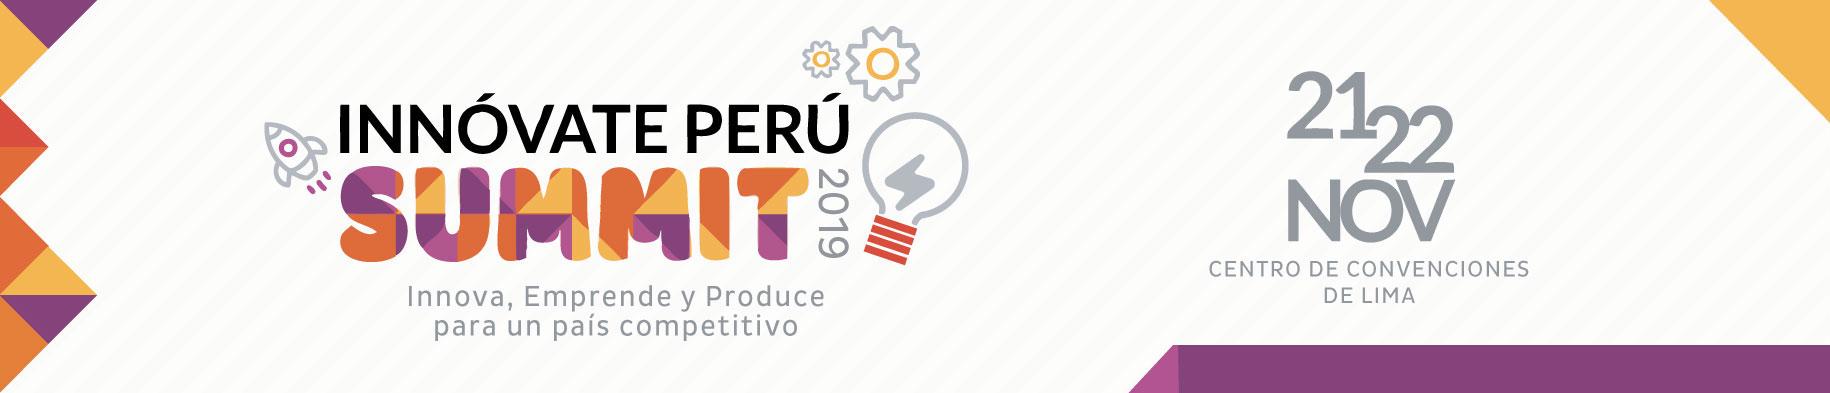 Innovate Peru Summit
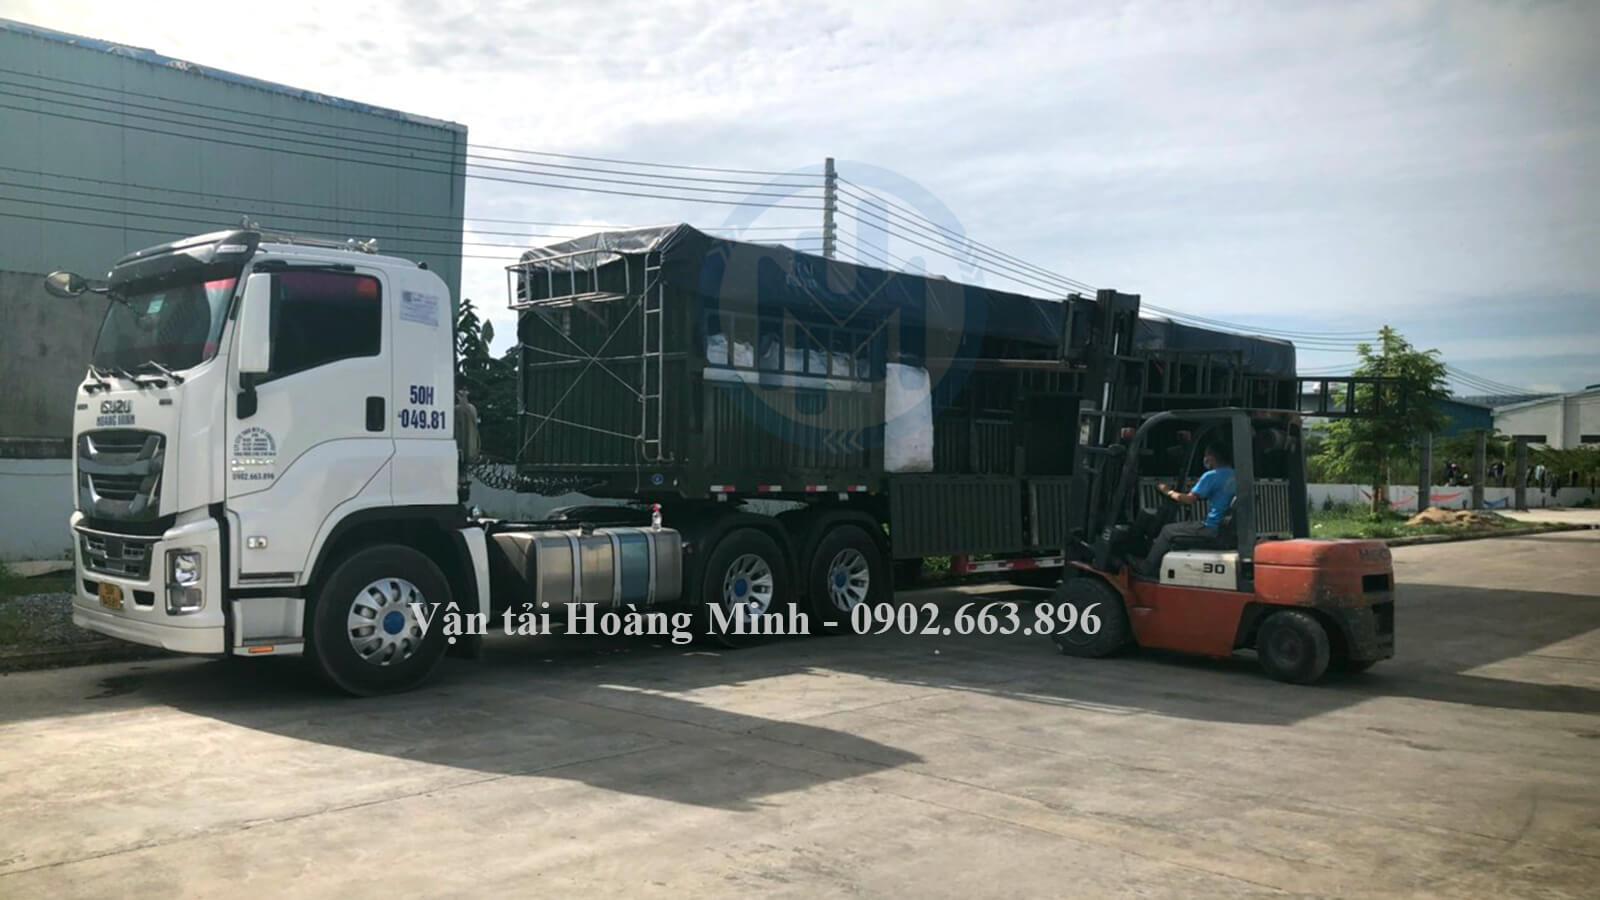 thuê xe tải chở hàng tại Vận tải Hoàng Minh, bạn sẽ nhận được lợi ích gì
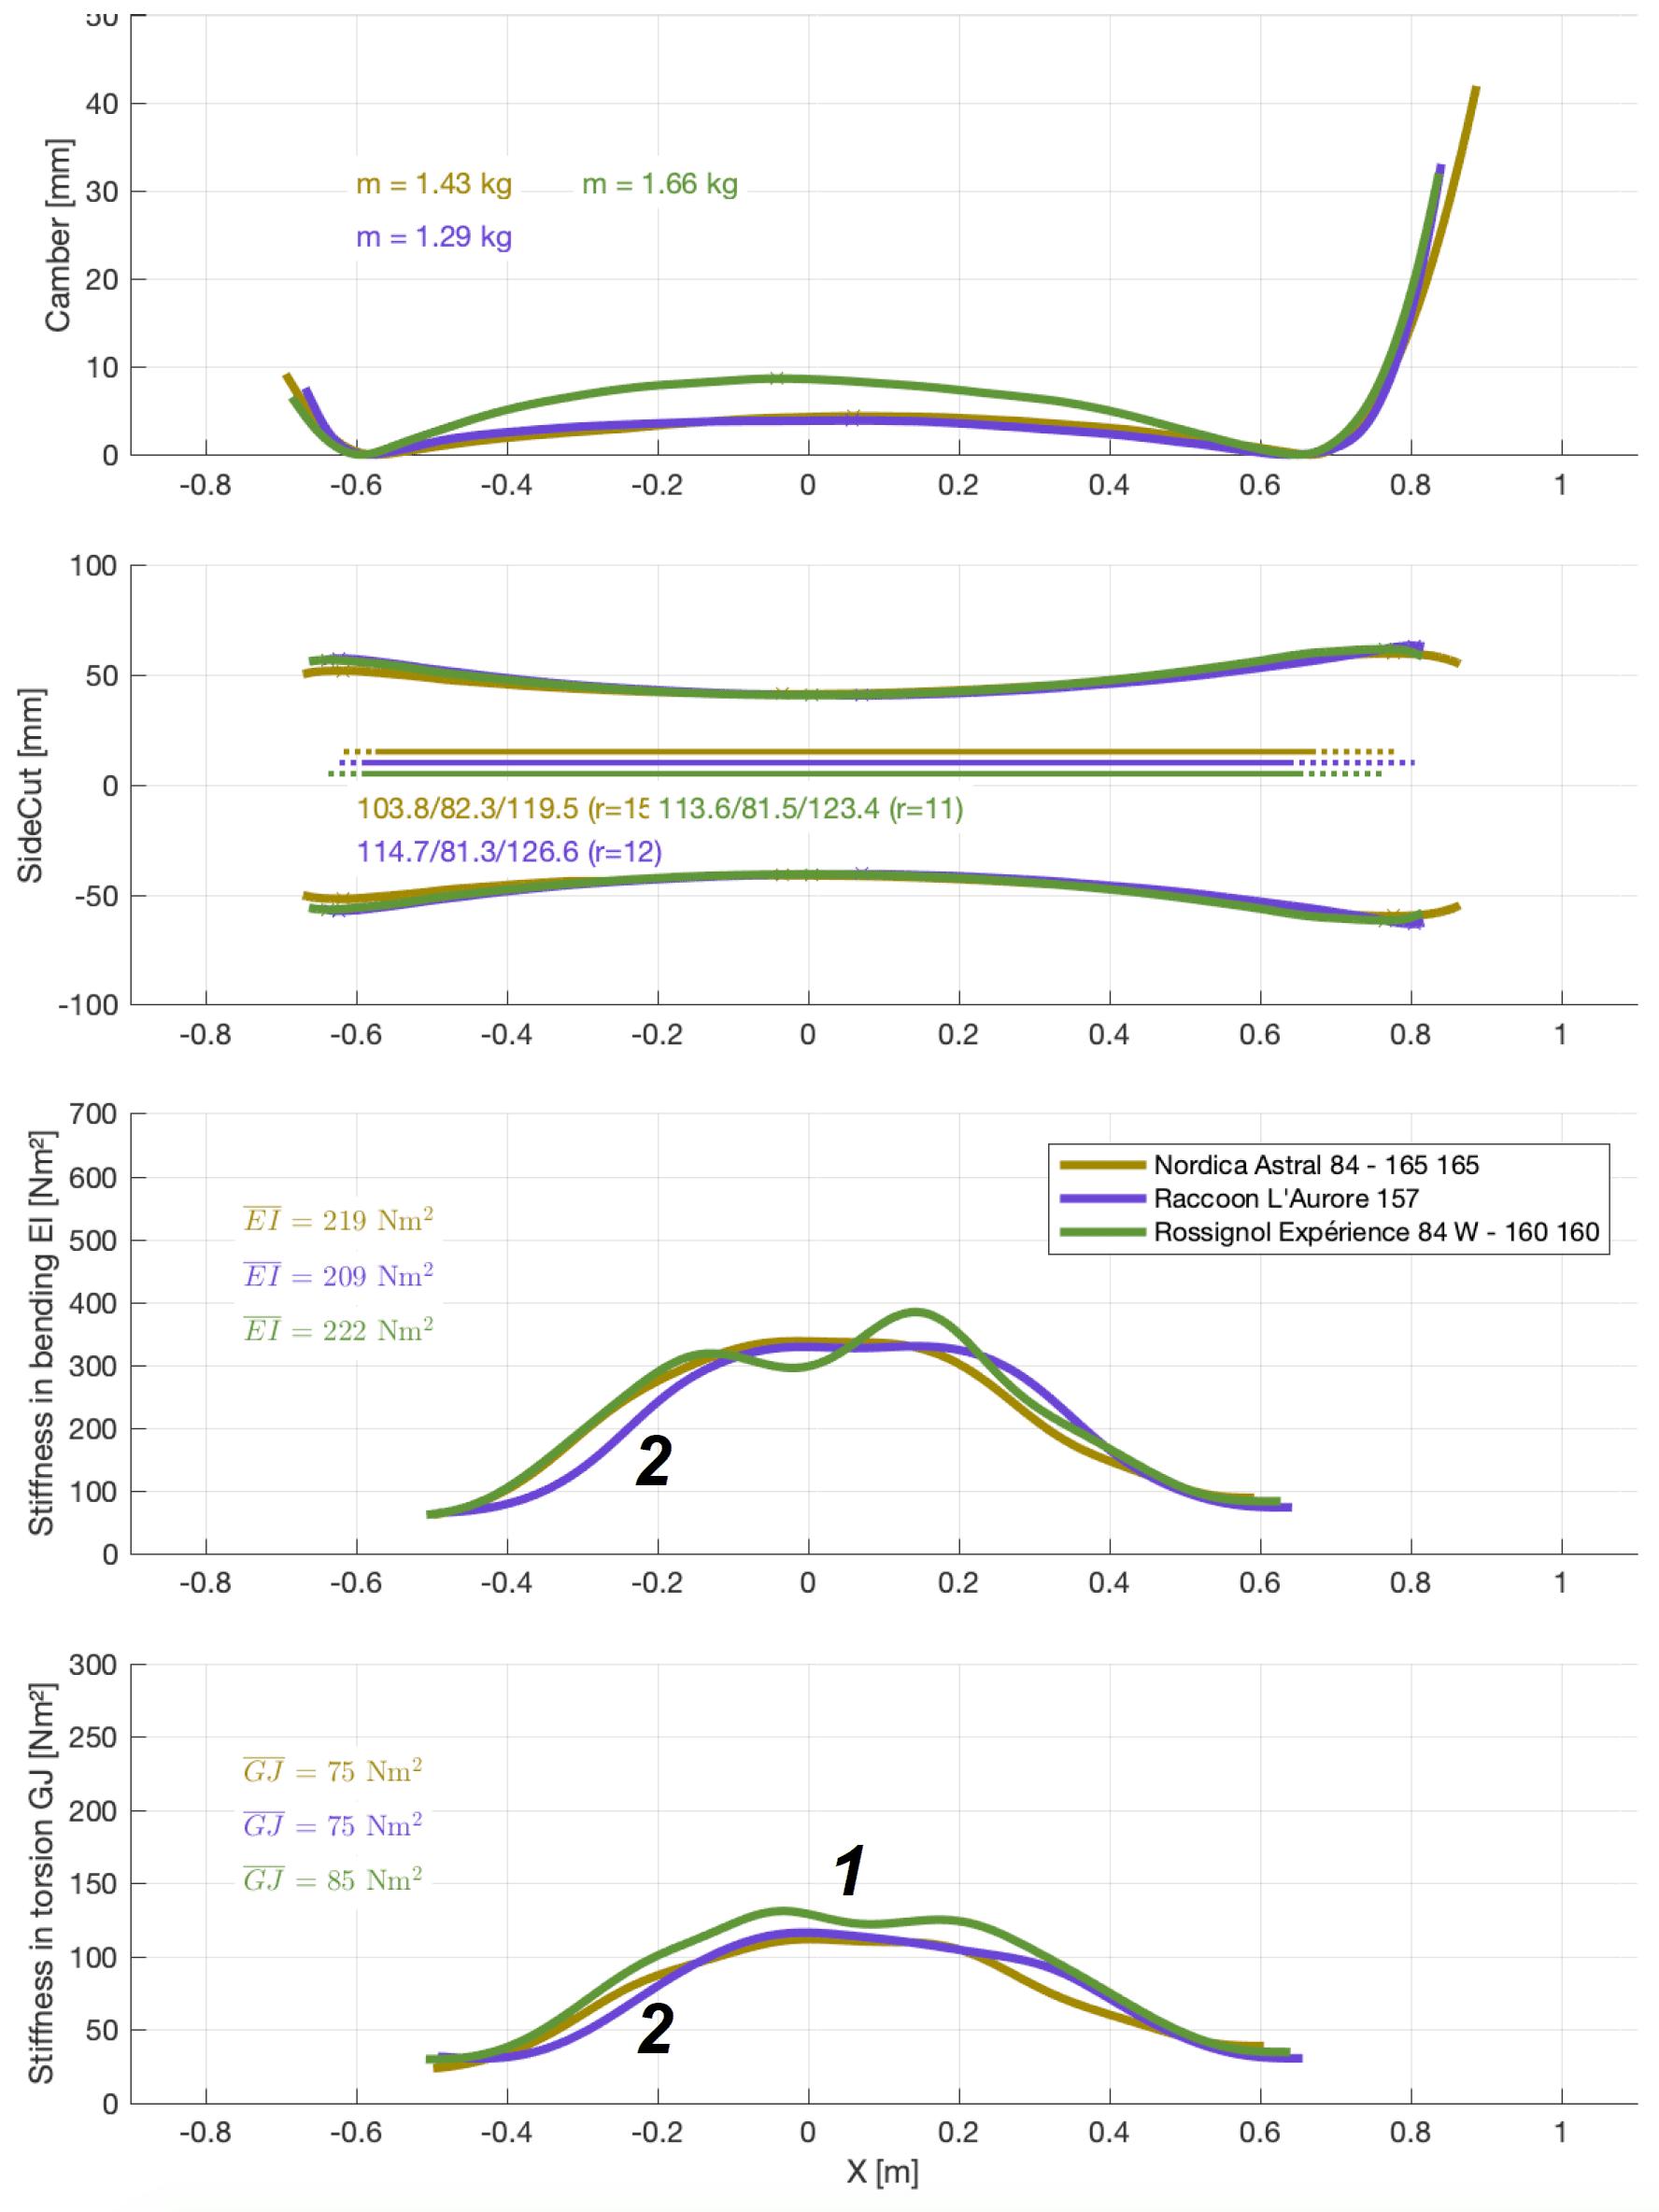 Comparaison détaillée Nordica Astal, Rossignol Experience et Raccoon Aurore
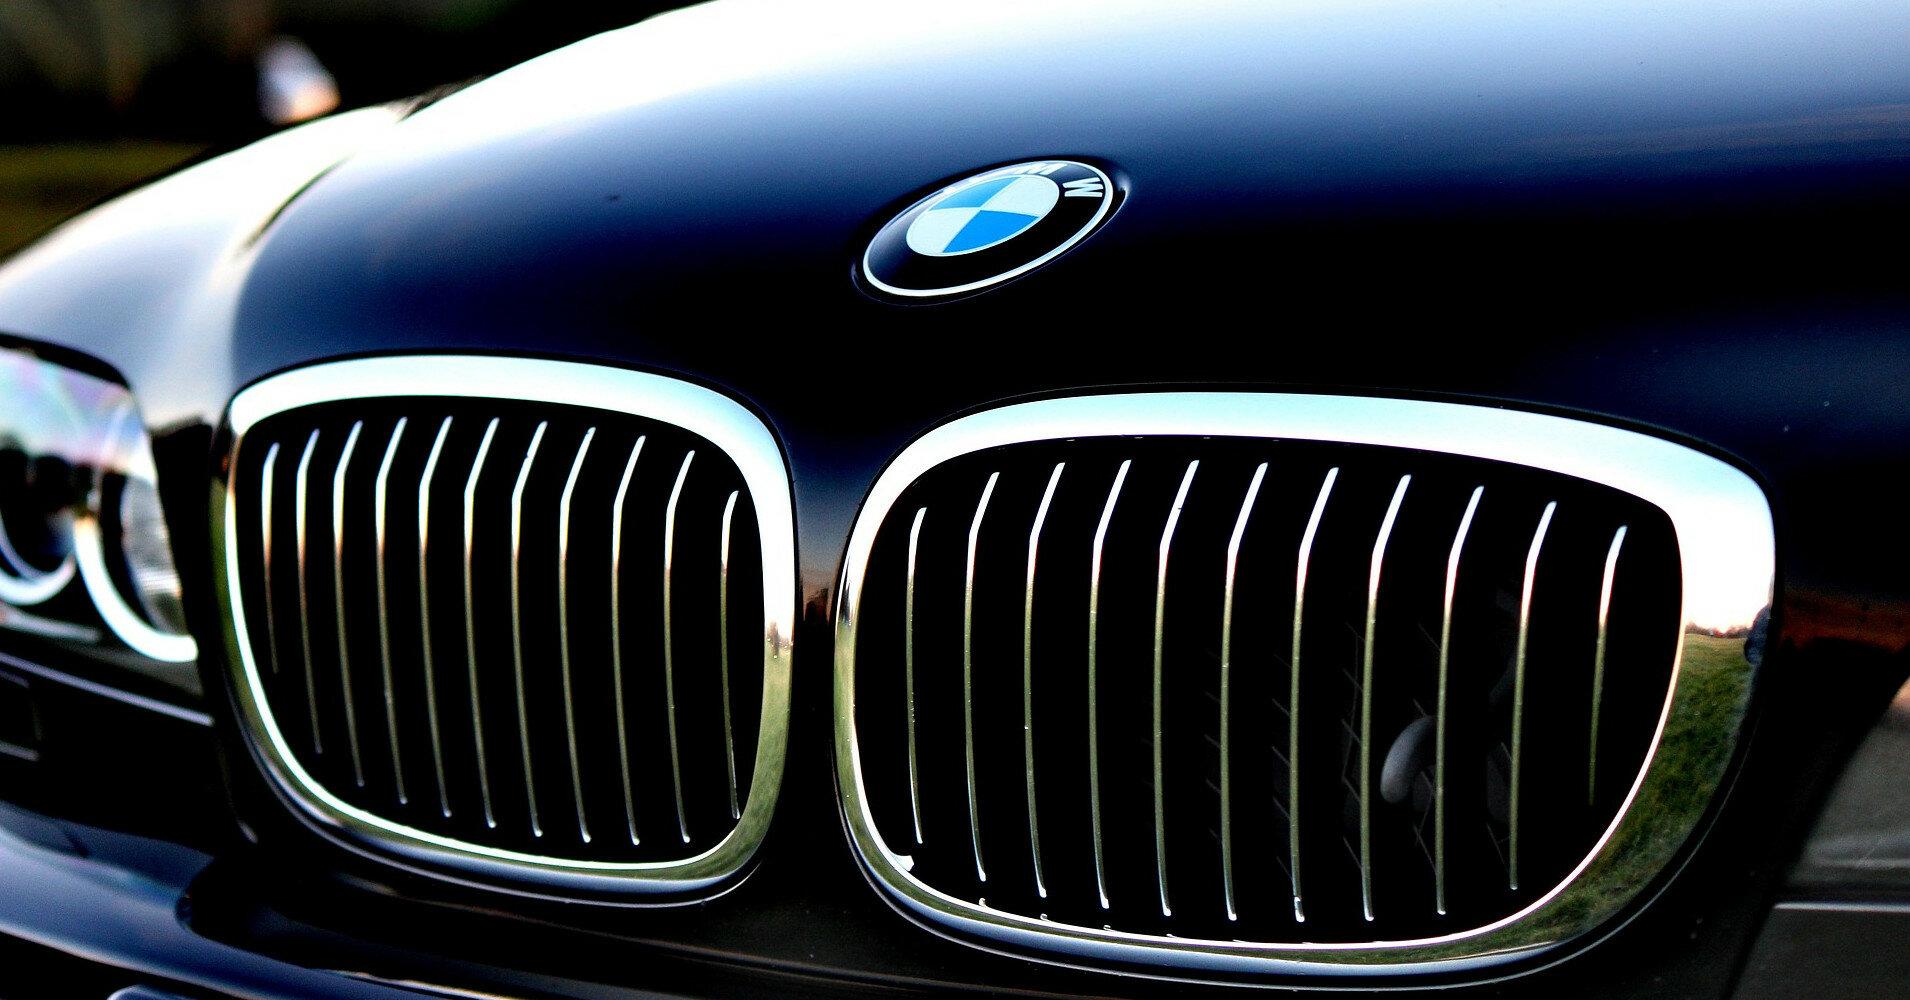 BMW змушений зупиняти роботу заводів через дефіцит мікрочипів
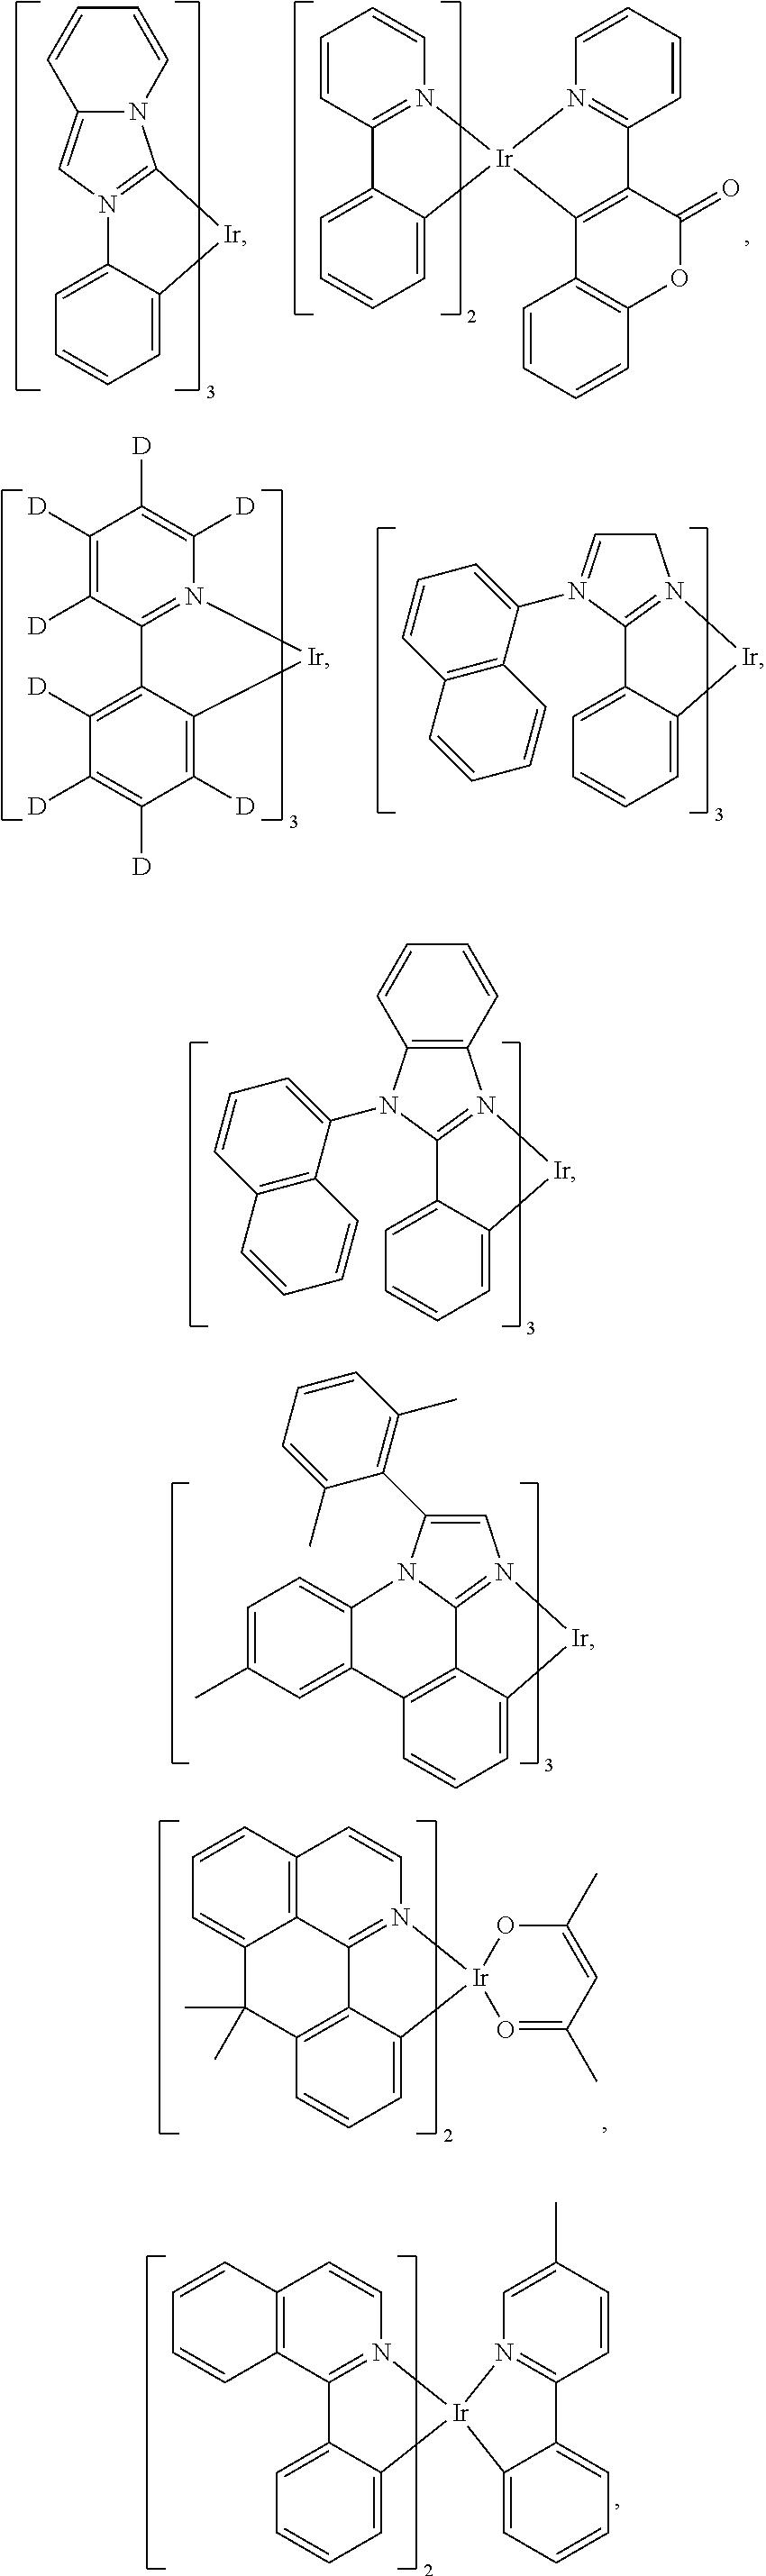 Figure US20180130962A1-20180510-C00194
***
In the records above, find the line containing "thuê xe tải". Reproduce it and every line after it through the last line, omitting pictures.

## Written solution
 thuê xe tải chở hàng tại Vận tải Hoàng Minh, bạn sẽ nhận được lợi ích gì
 Comparaison détaillée Nordica Astal, Rossignol Experience et Raccoon Aurore
 BMW змушений зупиняти роботу заводів через дефіцит мікрочипів
 Figure US20180130962A1-20180510-C00194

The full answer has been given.